Помоги проекту - поделись книгой:

* * *

– Буэ!

Нет, он что, издевается?! Зачем пить столько жидкости на ночь! И вообще дайте мне спокойно поспать!

– Хххы! Да чтоб тебя…

* * *

-…могла бы двигаться, руки бы поотрывала!

Обрывок фразы ворвался в мой сонный разум, мгновенно прогоняя остатки «ничего». Мне опять ничего не снилось. Да и что мне могло присниться, когда полночи по мне откровенно топтались.

Лия сидела на столе, в ее глазах сверкали молнии, над ней стоял Ричард и расплетал ее уши. Освободив их от вплетенной ленты, он растянул ушки в стороны, стараясь их выпрямить.

– Ы-ы-ы-ы-ы…

Казалось бы, ребенок помогает зайке, как может, насколько умеет, но вот глаза Лиетты, разъехавшиеся в буквальном смысле вслед за ушами, выдавали ее вулканирующую ярость пополам с болью. Даже мне стало больно от такой картины.

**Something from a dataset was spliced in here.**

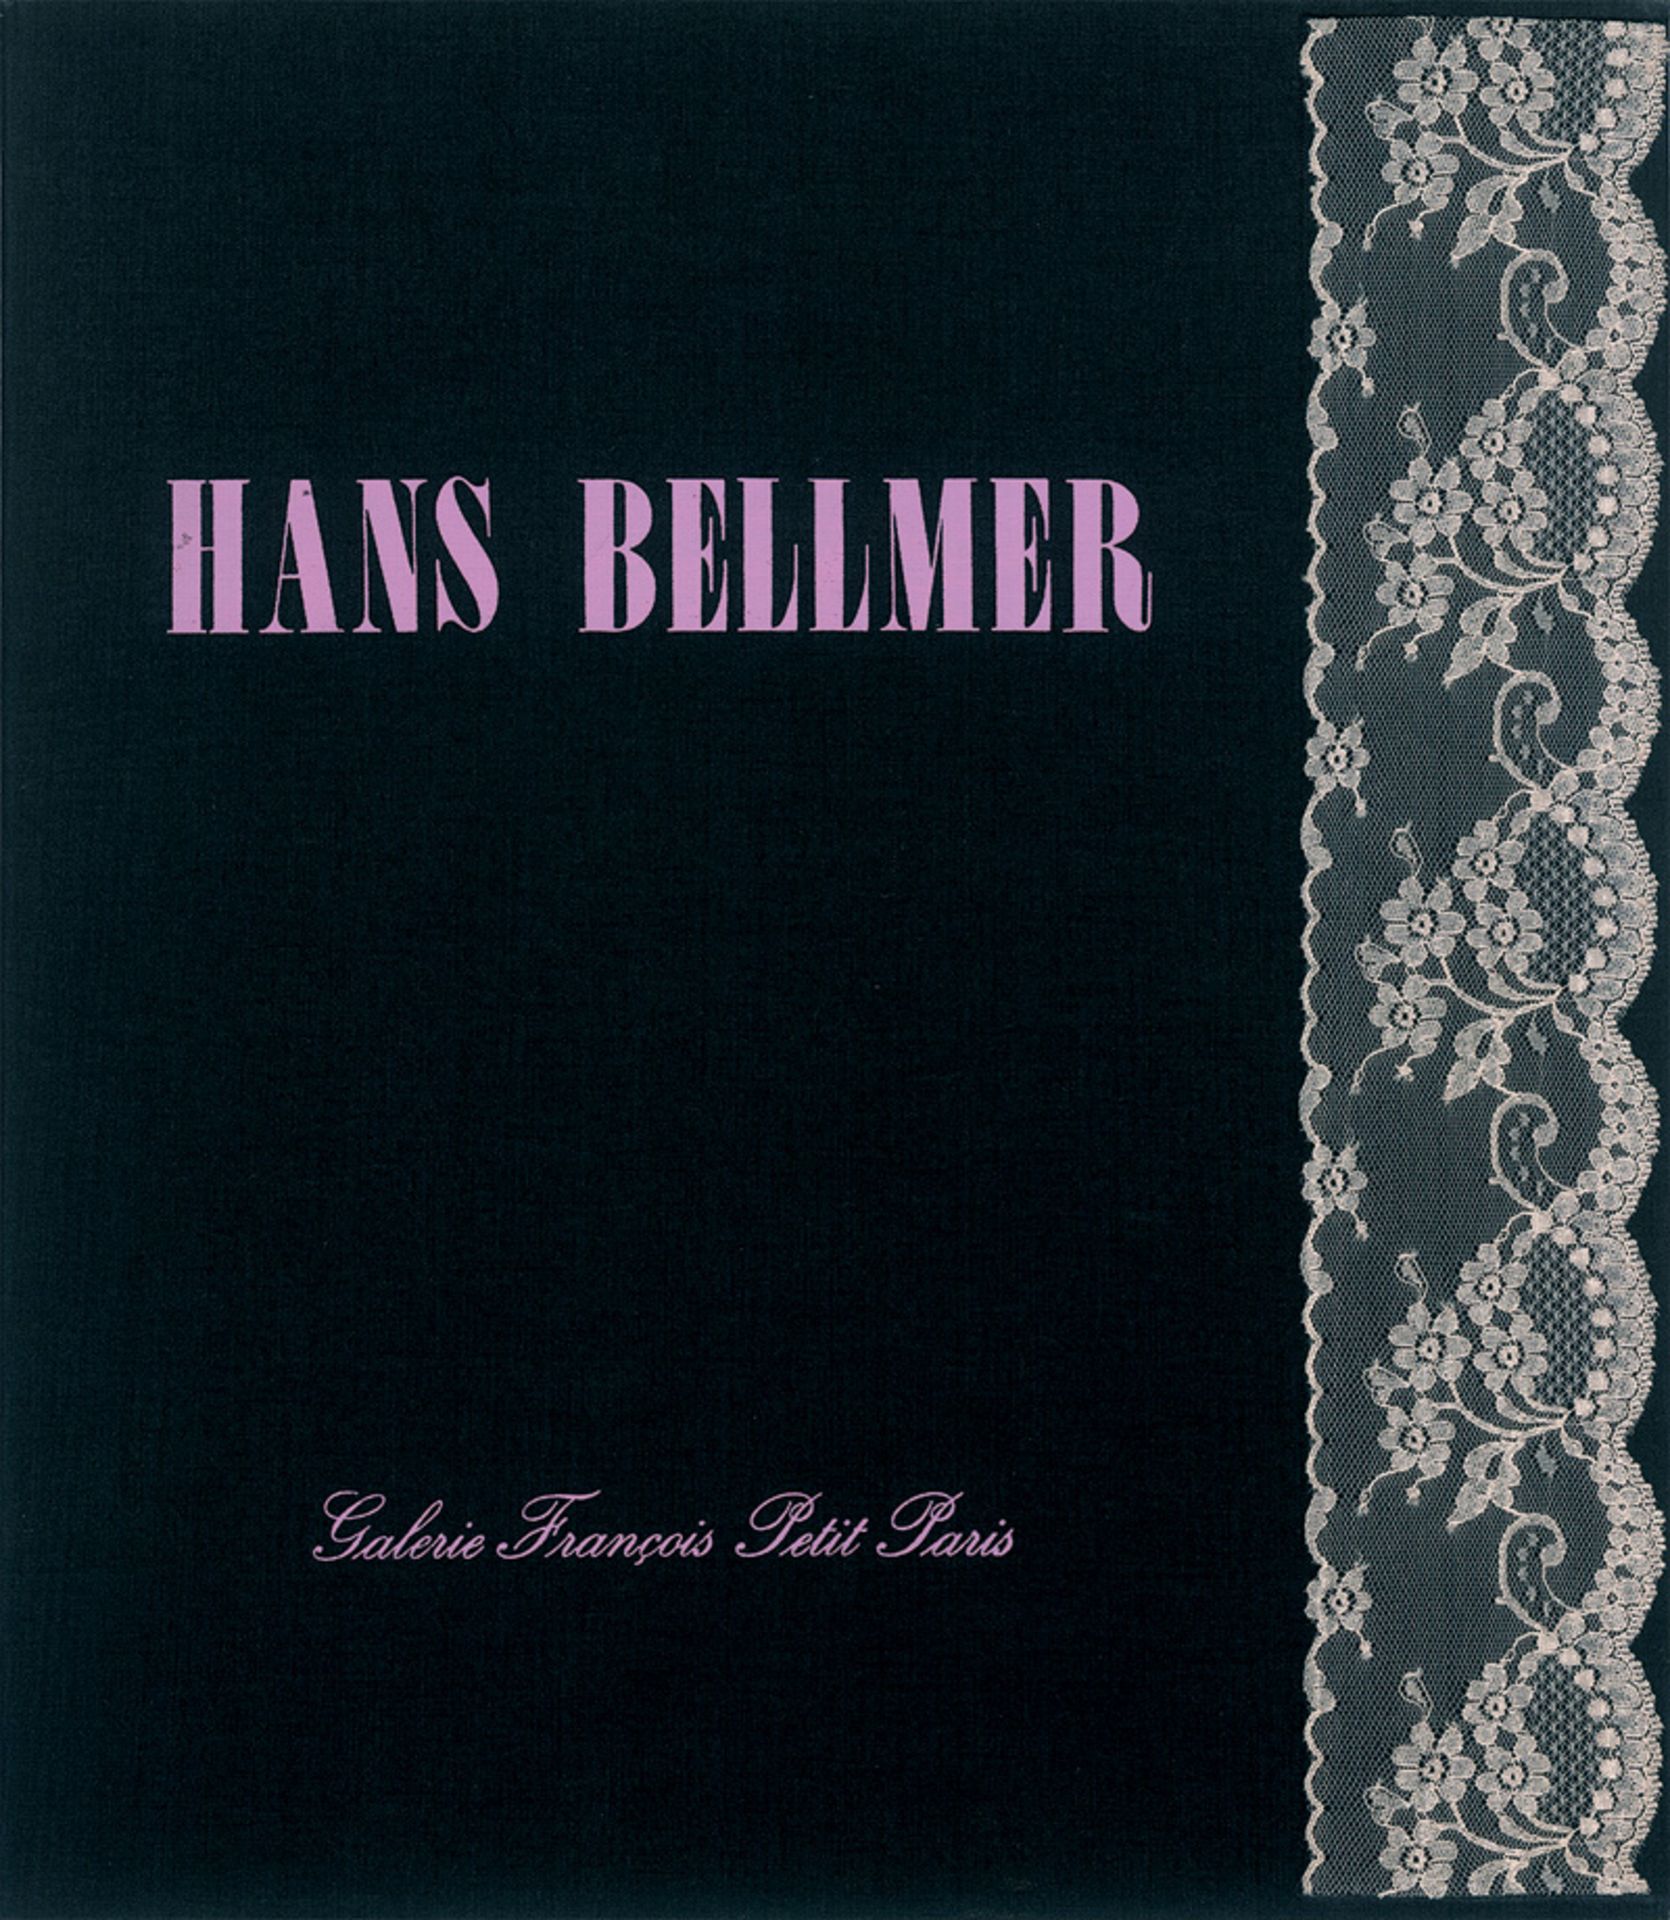 Bellmer, Hans: Hans Bellmer Photographies (Images from the "Poupée" ser... - Image 6 of 6

Мальчик закончил свое благое дело, отошел, осмотрел зайца, улыбнулся, и, довольный собой, убежал вниз завтракать. Я перевел взгляд на нашу мученицу и еле сдержался, чтобы не засмеяться в голос. По-видимому, в ее уши была вставлена проволока, удерживающая их в правильном положении. После той «красоты», которую устроила ей Энн, конструкция так и не вернулась в исходный вид. Нет, уши, конечно, вновь располагались правильно, одно стояло, одно было загнутым, но оба приобрели ломано-спиралевидную форму.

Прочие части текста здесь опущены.